Similar to the United States, Hong Kong passed the 'Stablecoin Regulation Bill' in its third reading yesterday. The regulation is expected to take effect this year, giving the industry sufficient time to understand the licensing requirements, and also means Hong Kong becomes one of the first regions globally to complete stablecoin legislation. Hong Kong's stablecoin draft aims to provide a clear regulatory framework for the local market, promoting compliant stablecoin development.
We anticipate that in the coming years, the global stablecoin market value will expand from the current $250 billion to trillions of dollars. More importantly, stablecoin compliance will attract more "quasi-dollar" funds, endowing core assets like Bitcoin and Ethereum with stronger hedging and value storage attributes. As these funds gradually flow in, Bitcoin and Ethereum are expected to see a 20%-50% valuation increase in the next 6-12 months. Simultaneously, the maturation of compliant channels will provide a bridge for long-term capital like pension funds and mutual funds to enter the crypto market, significantly enhancing market demand stability and effectively reducing structural risks. The interaction of policy dividends and market consensus is opening up a new growth space for Bitcoin and crypto assets.

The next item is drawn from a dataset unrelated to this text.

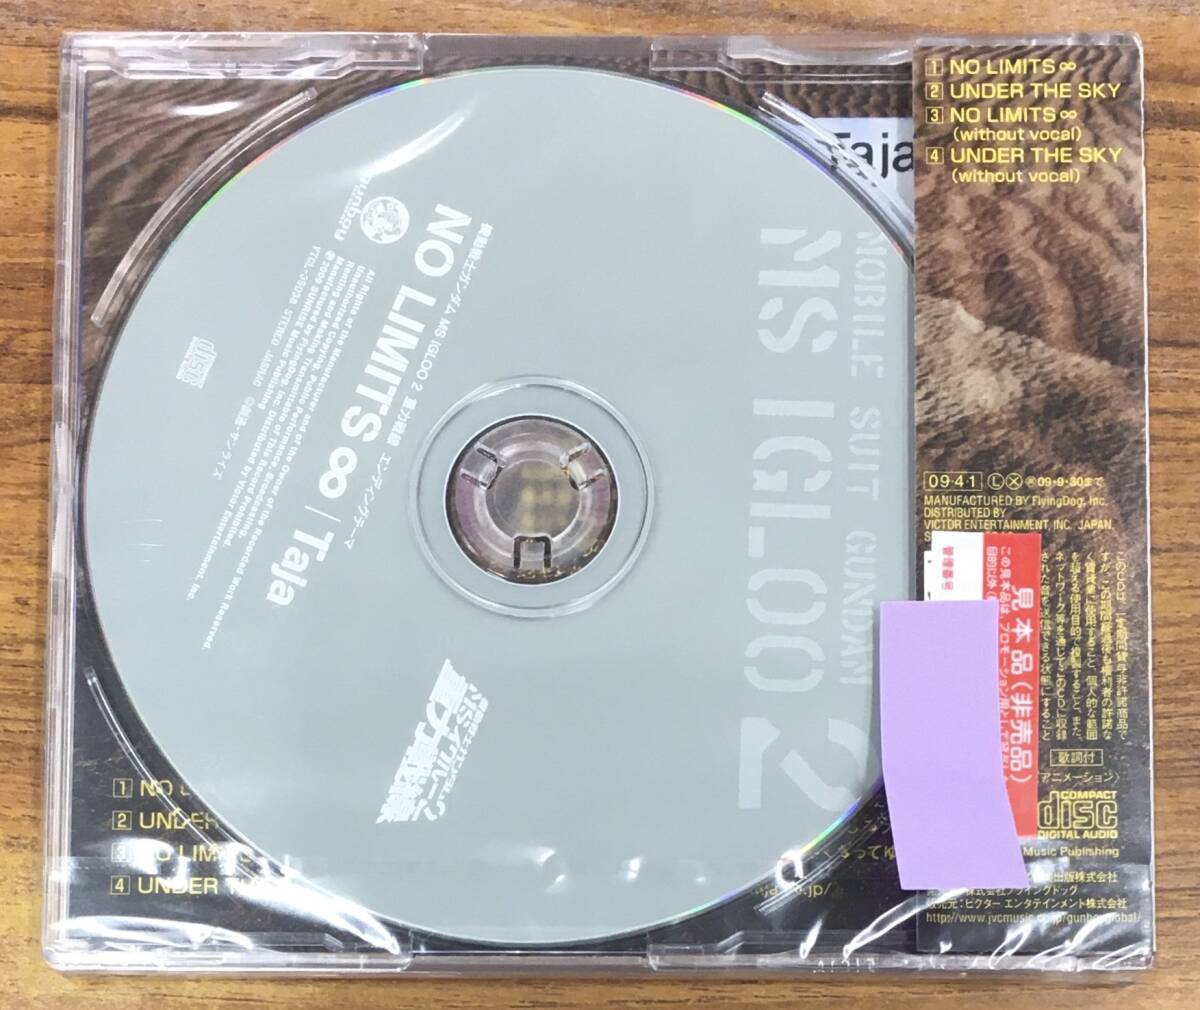 Taja - NO LIMITS- нераспечатанный CD образец товар VTCL35038...h-2642 Mobile Suit Gundam MS IGLOO2 -слойный сила битва линия no. 3 рассказ otesa, металлический. гроза!

Beyond macro policy promotion, the market itself is reinforcing Bitcoin's scarcity logic. According to glassnode data, long-term Bitcoin holders' holdings have increased to 13.76 million coins, accounting for 65.6% of circulating supply, hitting a new high. Meanwhile, Bitcoin reserves on exchanges continue to decline, reaching only 2.437 million coins as of May 20th, the lowest level since 2018. This means tradable Bitcoin in the market is rapidly decreasing, and supply-demand mismatch further consolidates the basis for price increases.
Simultaneously, strong institutional fund inflows have become a powerful catalyst for market movement. MicroStrategy has added 7,390 more Bitcoins in the past week, with total holdings reaching 576,230 coins, valued at approximately $6.1 billion at current prices. Grayscale Bitcoin Trust (GBTC) and multiple Bitcoin ETFs have attracted over $633 million in net fund inflows over the past few weeks. Institutional investors' continuous layout through compliant channels not only strengthens market consensus on Bitcoin's scarcity and digital gold attributes but also establishes solid demand-side support for long-term price appreciation. This is a victory of "long-term thinking" - when institutions view Bitcoin as part of core asset allocation, its value ceiling is fundamentally reshaped.
The macroeconomic situation also provides excellent soil for Bitcoin's rise. Trump's early May statement about "historic cooperation with major powers" ignited market optimism about US-China trade easing. On May 12th, China and the US signed a tariff agreement, reducing mutually imposed tariffs from up to 84% to 10%. This unexpectedly policy breakthrough not only alleviates global economic uncertainty but also injects new upward momentum for risk assets like Bitcoin.
From policy relaxation to supply tightening, from institutional involvement to liquidity channel construction, this Bitcoin rally is the result of multiple logical resonances. Behind the historical high, it is not just a market fund carnival but also signifies that global capital is ushering in a new round of value consensus reconstruction for decentralized assets.